The international community treats Jammu & Kashmir as a de facto — but not de jure — part of India. Similarly, it treats Pakistan-Occupied Kashmir (POK) and Gilgit-Baltistan (GB) as de facto — but not de jure — parts of Pakistan. In pursuance of this policy, other countries honour the Indian passports held by the residents of Jammu & Kashmir (J&K) and issue them normal visas on those passports when they want to travel.

Similarly, they honour the Pakistani passports held by the residents of POK and GB and issue them visas on those passports.

“¦Chinese may be creating a future option for themselves of questioning Indias locus standi to negotiate with them on the future of the Indian territory in the Ladakh area occupied by them in the past.

China used to follow a similar policy till last year. It has now modified that policy in a significant manner. While it does not question the validity of the Indian passports held by the residents of J&K, it has stopped issuing visas on those passports.It has not debarred them from traveling to China, but they are allowed to travel only on the basis of a plain paper visa which is stapled to their Indian passport. The entry and exit stamps of the Chinese immigration are affixed on the plan paper visa and not on their Indian passport.

While doing so, Beijing has not changed its visa issue policy in respect of Pakistani residents of POK and GB. It is believed they are still issued visas on their Pakistani passports.

Moreover, ignoring Indian protests, it is going ahead with its project to assist Pakistan in the upgradation of the Karakoram Highway which runs across GB and in the construction of hydel power and irrigation projects in GB. It has also agreed to participate in a feasibility study for the construction of a railway line to Xinjiang through GB. It has not yet agreed to assist Pakistan in the construction of an oil/gas pipeline from Gwadar to Xinjiang through GB.

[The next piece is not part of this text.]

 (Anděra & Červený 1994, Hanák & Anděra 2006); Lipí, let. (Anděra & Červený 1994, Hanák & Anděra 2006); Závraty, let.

The modifications in the Chinese policy have the following implications:

  • Firstly, China has started treating POK and GB as de facto and de jure parts of Pakistan. It does not recognise Indian claims to these territories.
  • Secondly, it has diluted its past acceptance of J&K as a de facto part of India. This would give satisfaction to Pakistan, which projects J&K as Pakistani territory under the illegal occupation of India. This would also lend support to the Pakistani contention that it has a political, diplomatic and moral right to support the so-called freedom struggle in J&K.
  • Thirdly, by questioning the legitimacy of India’s sovereignty over J&K, the Chinese may be creating a future option for themselves of questioning India’s locus standi to negotiate with them on the future of the Indian territory in the Ladakh area occupied by them in the past. They could use this option in future if their relations with India deteriorate.

India must woke up to the changes in the Chinese policy last year when it noticed that the Chinese had stopped issuing regular visas to residents of J&K and have started issuing plain paper visas.

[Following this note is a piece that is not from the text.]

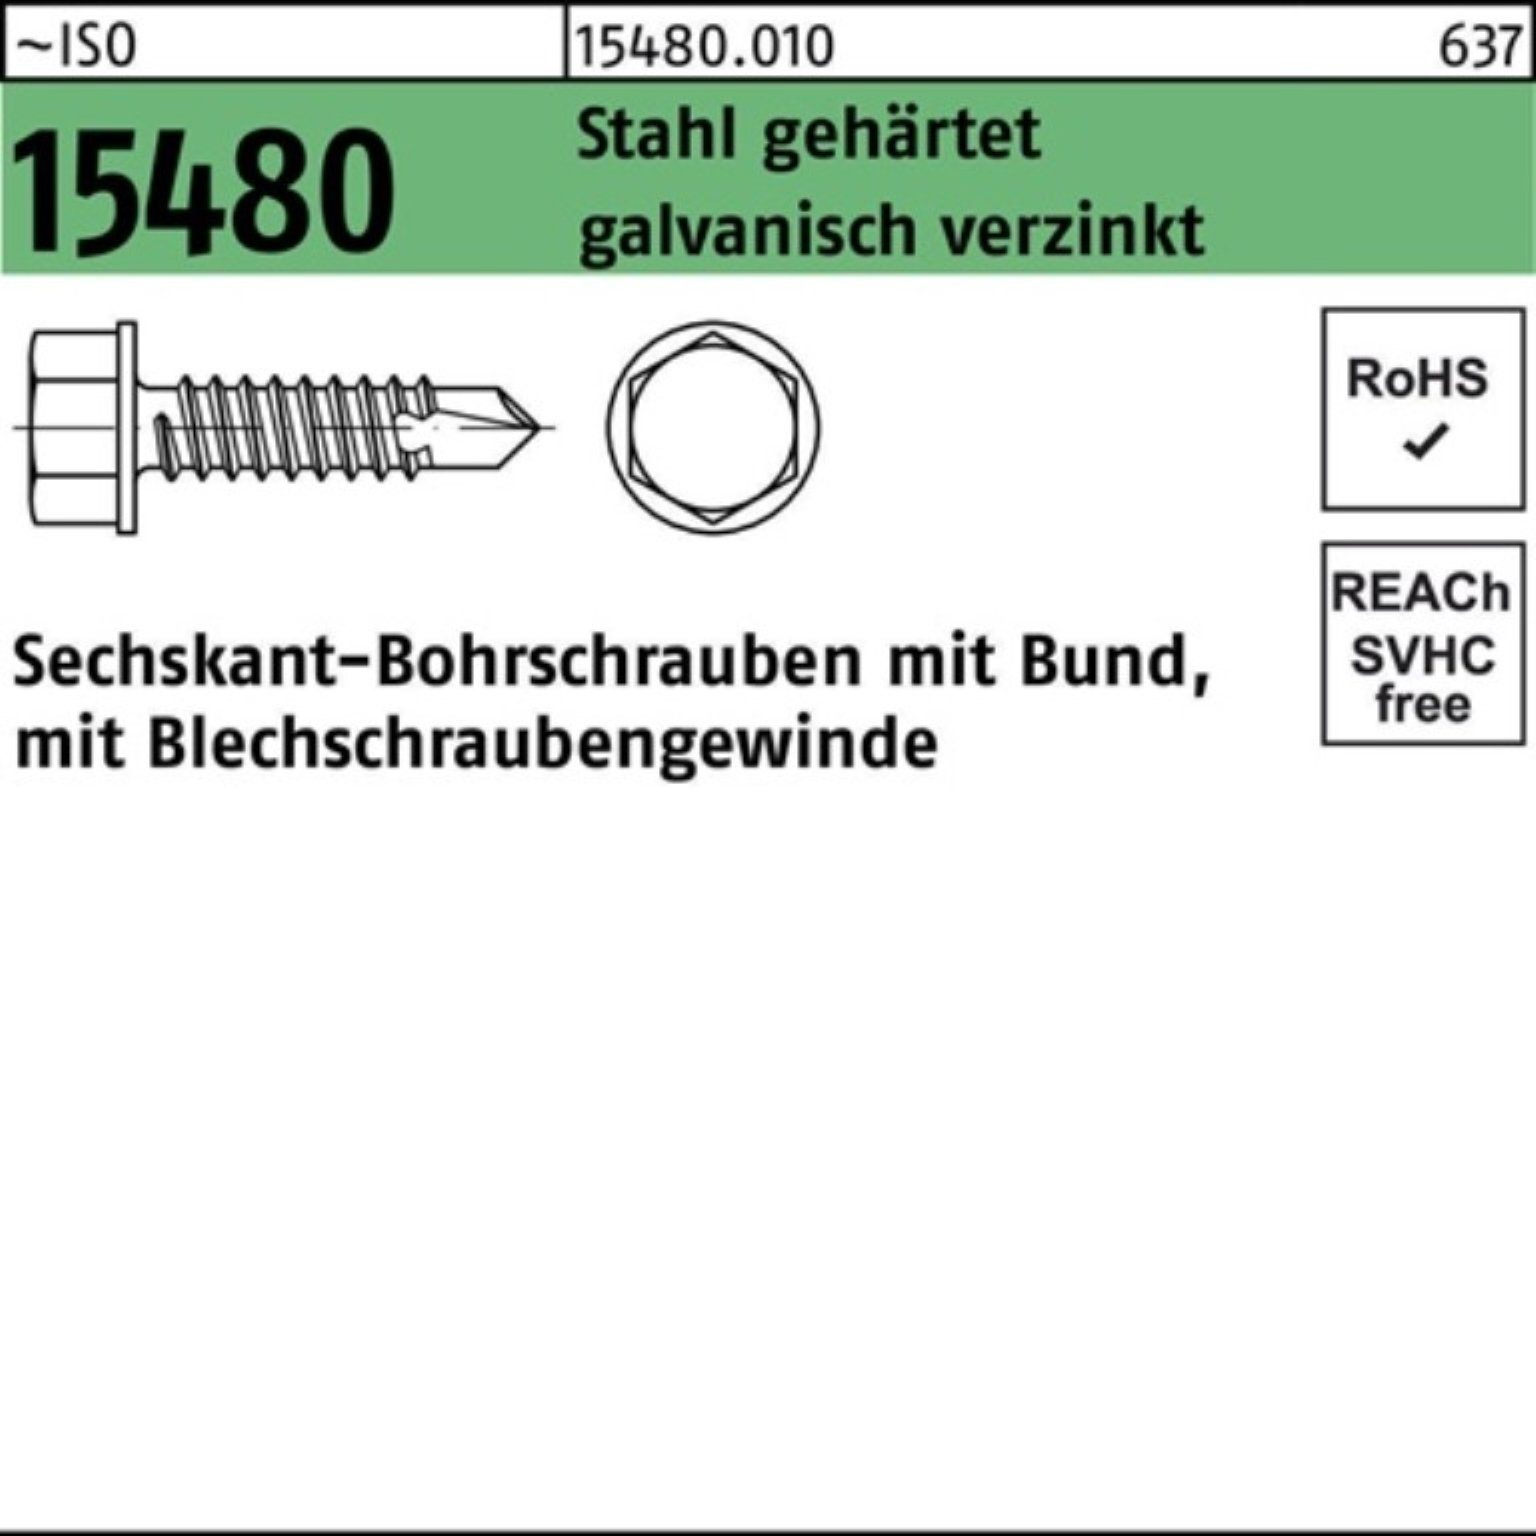 Bund ST Reyher 15480 Bohrschraube gehä ISO Stahl 3,9x16 Sechskantbohrschraube 1000er Pack

The modification in the Chinese position on J & K and its active involvement in infrastructure and other development projects in POK and GB have coincided with indicators of active Pakistani assistance to China in quelling the revolt of the Uighurs in the Xinjiang Autonomous Region which has a common border with GB. These indicators include an increase in the number of Chinese intelligence officers posted in Pakistan to keep a watch on the Uighur community living in Pakistan, Pakistani intensification of the surveillance of the members of the Uighur community and restrictions on their travel in Pakistan, rounding up of members of the Uighur community living in Pakistan who are accused by the Chinese of being members of the Eastern Turkestan lslamic Movement and their being handed over to the Chinese authorities without following the due process of law, intensification of the intelligence exchange and the recent joint counter-terrorism exercise, which was, in effect, a joint counter-Uighur exercise.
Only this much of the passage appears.